Recently received an email from an old Newfoundland friend of mine. When I left I was running away. I was sixteen, and sad. I kept in touch with a few people for awhile, but they all drifted off after a few years. The internet is a strange thing. It changes our geographies. It also changes our relationship to time, the landscape of our histories.

Would you ever want to get back inside your childhood? There are so many novels out there written by adults from a child's point of view. But none of them get inside it. How could they? Childhood is about a completely different way of seeing, may be one that has little to do with language, and articulation.

I'm re-reading Hiromi Goto's Chorus of Mushrooms. It isn't about childhood, but it is about getting inside an unoccupiable subjectivity. She writes in English, attempting to create the interior Japanese-language chatter of an old grandmother. And it works, because she doesn't strive for realist accuracy but shoots straight for a kind of poetic fantastic.
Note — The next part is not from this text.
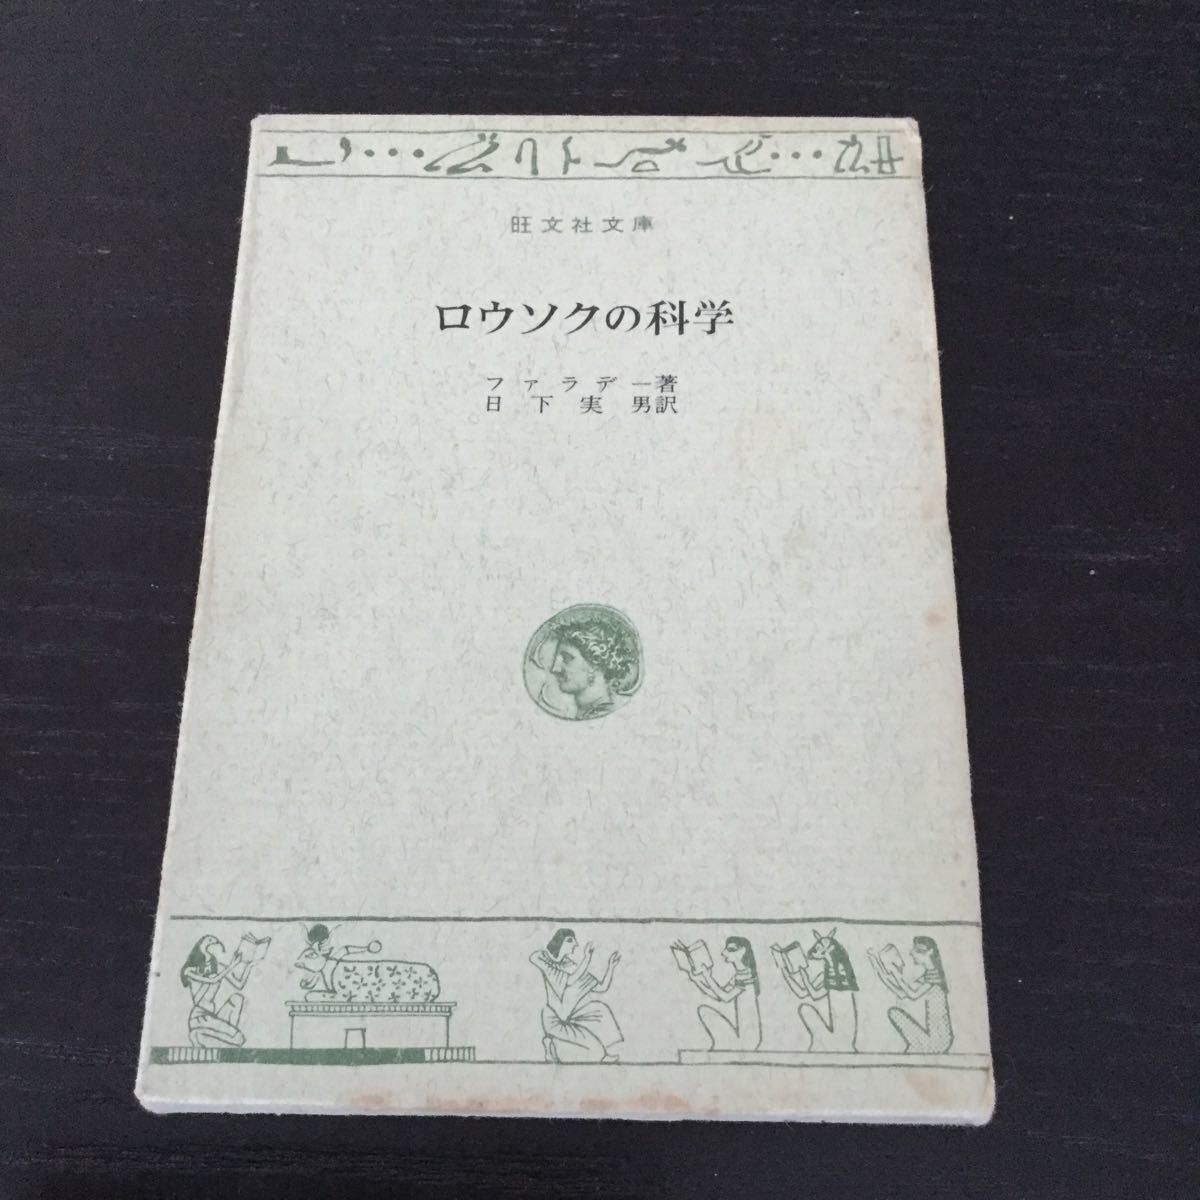 a37 ロウソクの科学 ファラデー 日下実男 小説 旺文社文庫 旺文社 _画像1

Saturday, September 03, 2005

ceci n'est pas une pipe

Went to see Chad Van Gaalen at Truck last night.

Liked in particular a series of drawings he did with school children, having them draw for a certain period of time, and then pass on incomplete drawings to the next child to add to for a few rounds, kind of like the Surrealist game Exquisite Corpse, except that each kid can see what the kid before did, and can add on anywhere. The results were extraordinary, all these creatures and bits of creatures-- really outlandish and strange. I think kids, collectively, are an open pipe to the unconscious.

Speaking of pipes, afterwards we stumbled into the tear down of an event put on by Performances in Peculiar Environments at level P1of the parkade at the Epcor Centre. We'd missed the show entirely. Felt like the end of a mysterious party in a nuclear fallout shelter.
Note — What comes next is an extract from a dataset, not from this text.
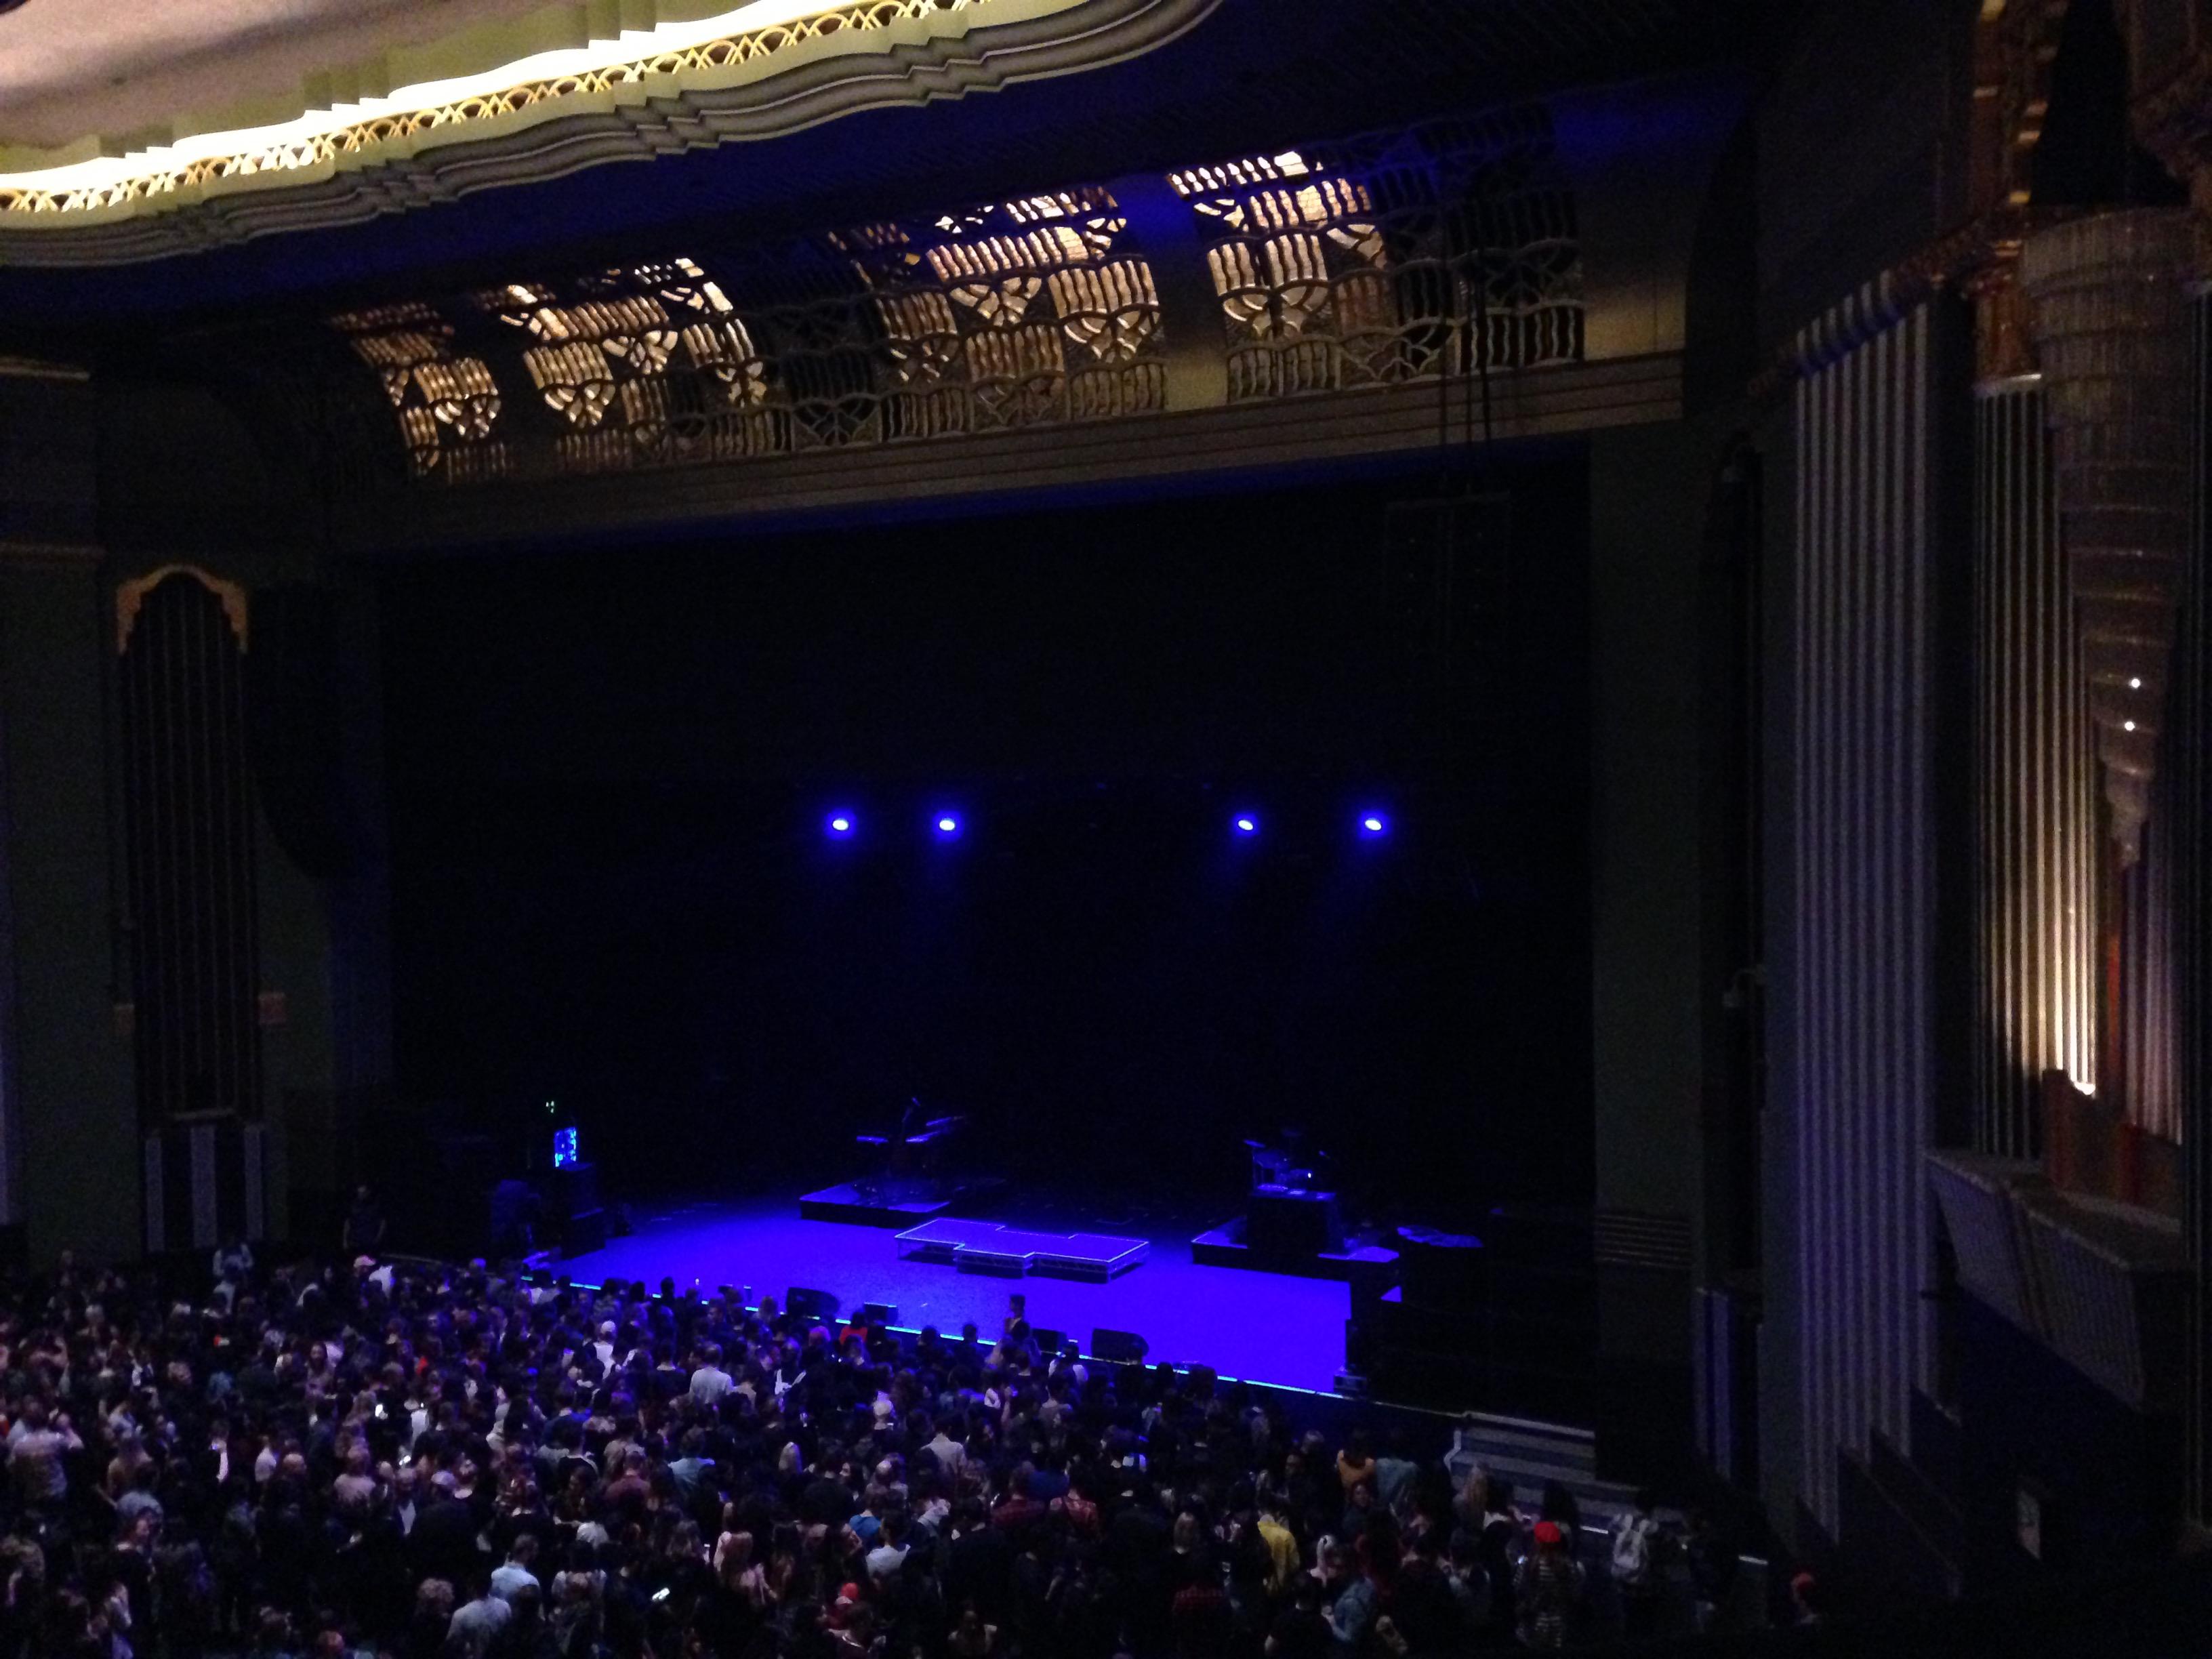 BANKS 25 October 2017 Live at Eventim Apollo Hammersmith London

you can't fix it, but it still matters what you see

Just finished Dionne Brand's What We All Long For. Devastating and amazing. It begins in the 1970s with a Vietnamese family losing their youngest son as they board a boat for a refugee camp. But it is mostly about a group of brown, twenty-something friends negotiating relationships-- to family, to one another, to art, to politics, to love and most of all to the city of Toronto. The voice of the lost boy, Quy, is wrenching. Reminds me of Toni Morrison's Beloved. He is brutalized and brutal, cynical and lacking in trust, completely innocent and completely lacking innocence at the same time. It is the voice of the Other coming at us direct, everything we are guilty of, everthing we want to forget, everything we long for.

I want to think about this as an Asian Canadian novel. Himani Bannerji's question "Who speaks?" has become interesting in a whole new way.